Anti-Phase Noise Suppression Rotor Technologies
Rotor noise and vibration are two sources of operational challenges for all aircraft operating with open rotors such as helicopters, unmanned aerial vehicles (UAVs), urban air mobility personal air vehicles, drones, and aircraft operating with ducted fans such as passenger aircraft. One disadvantage of convention rotor design is the noise due to noise-induced shed vortices generated by rotor blades. The unique problem with rotor noise and vibration is the periodic blade passage that causes a harmonic reinforcement and causes the rotor blades to vibrate and generate noise sources. This technology from NASA Ames seeks to optimize the implementation of anti-phase trailing edge designs and asymmetric blade tip treatments for rotor noise suppression and integrated aircraft noise solutions by incorporating the anti-phase rotor design concepts into an aircraft flight control system to reduce noise footprint.
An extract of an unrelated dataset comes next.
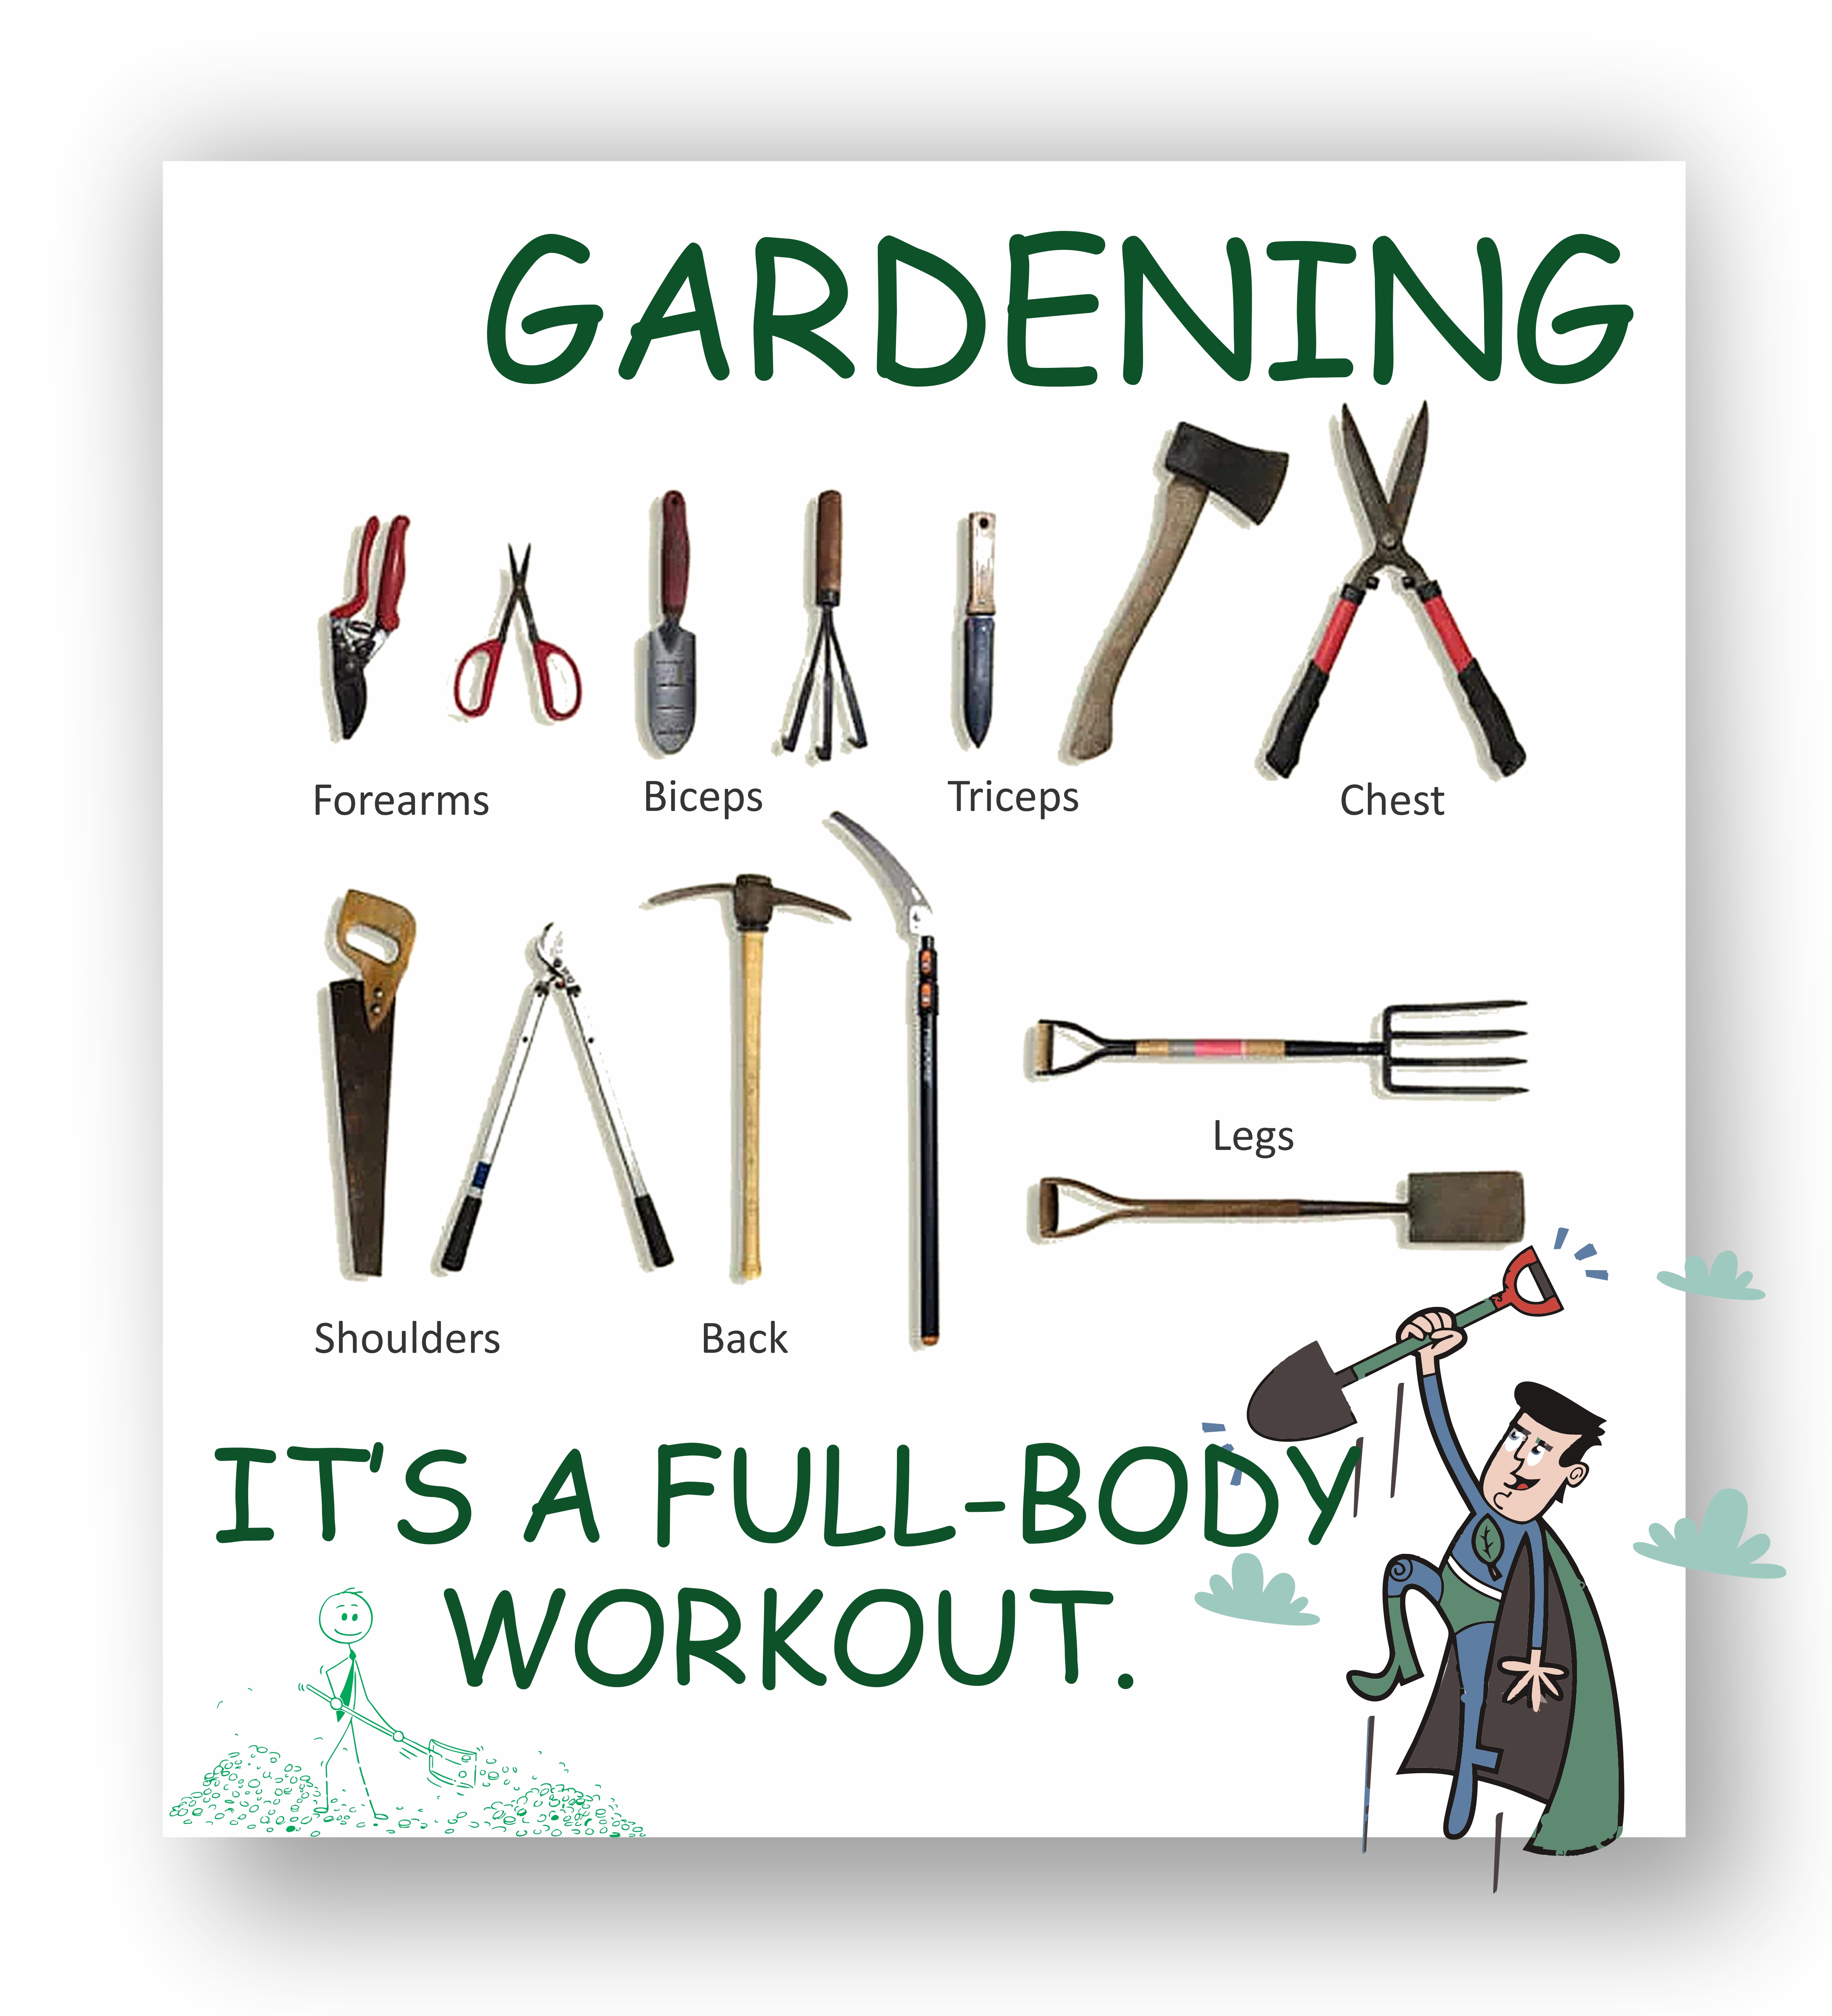 Gardening workout
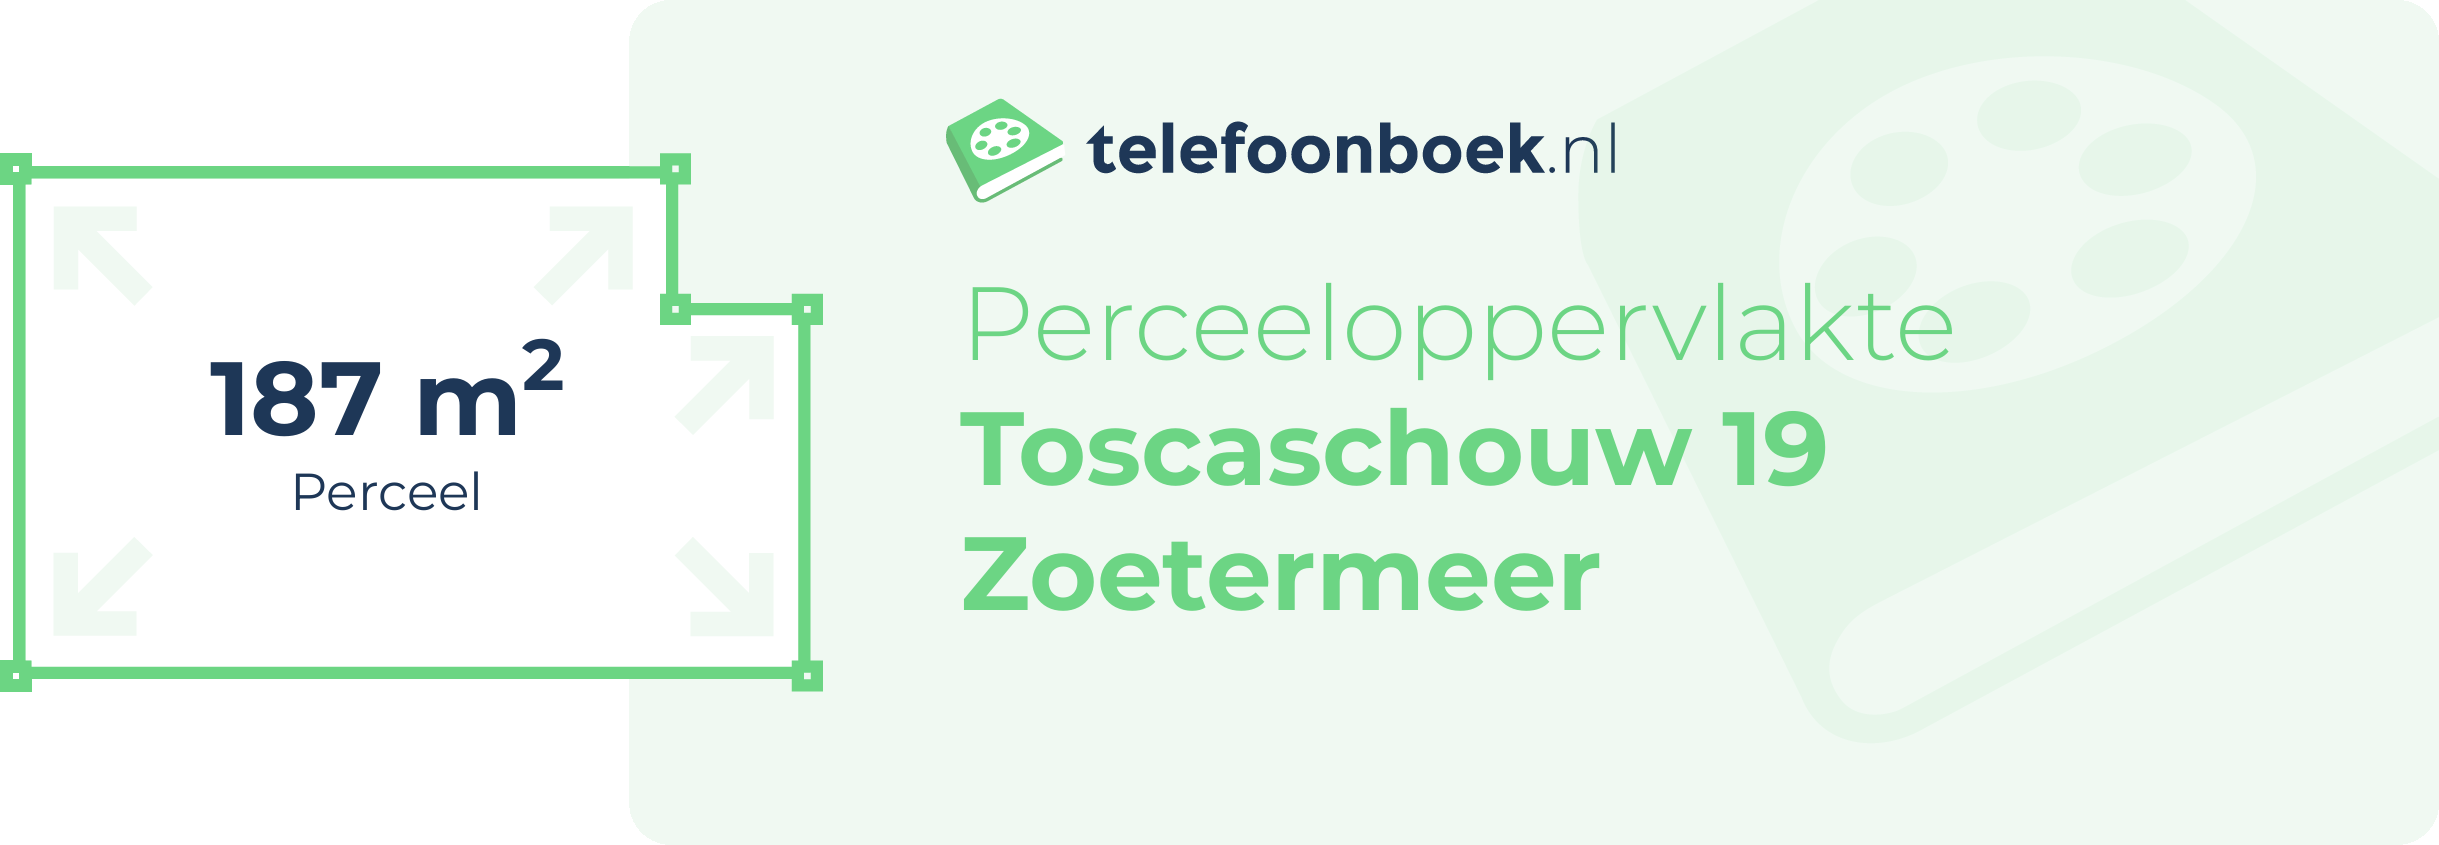 Perceeloppervlakte Toscaschouw 19 Zoetermeer

There are several embodiments of the invention, which include the following: (1) an anti-phase trailing edge design whereby the trailing edge pattern of the leading rotor blade is offset by a phase shift from the trailing edge pattern of the following blade; (2) an anti-phase rotor design implementing asymmetric blade tips with inverted airfoil; and (3) other anti-phase enabled concepts such as unequal blade length, ducted rotors with non-radial unequally spaced struts, and multi-axis tilt rotor design incorporating the anti-phase rotor design.
Transport Aircraft
Aeroelastic Wing Shaping
Distributed propulsion and lightweight flexible structures on air vehicles pose a significant opportunity to improve mission performance while meeting next generation requirements including reduced fuel burn, lower emissions, and enhanced takeoff and landing performance. Flexible wing-shaping aircraft using distributed propulsion enable the ability to achieve improved aerodynamic efficiency while maintaining aeroelastic stability. Wing shaping concepts using distributed propulsion leverage the ability to introduce forces/ moments into the wing structure to affect the wing aerodynamics. This can be performed throughout the flight envelope to alter wing twist, hence local angle of attack, as the wing loading changes with air vehicle weight during cruise. Thrust-induced lift can be achieved by distributed propulsion for enhanced lift during take-off and landing. For a highly flexible wing structure, this concept could achieve a 4% improvement in lift-to-drag ratio, hence reduced fuel burn, as compared to a conventional stiff wing. This benefit is attributed to a reduction in lift-induced drag throughout the flight envelope by actively shaping the spanwise lift distribution using distributed propulsion. Vertical tail size could be reduced by utilizing differential thrust flight-propulsion control. This will result in weight reduction to achieve further fuel savings. Aeroelastic stability is addressed in the design process to meet flutter clearance requirements by proper placement of the propulsion units. This technology enables synergistic interactions between lightweight materials, propulsion, flight control, and active aeroelastic wing shaping control for reducing the environmental impact of future air vehicles.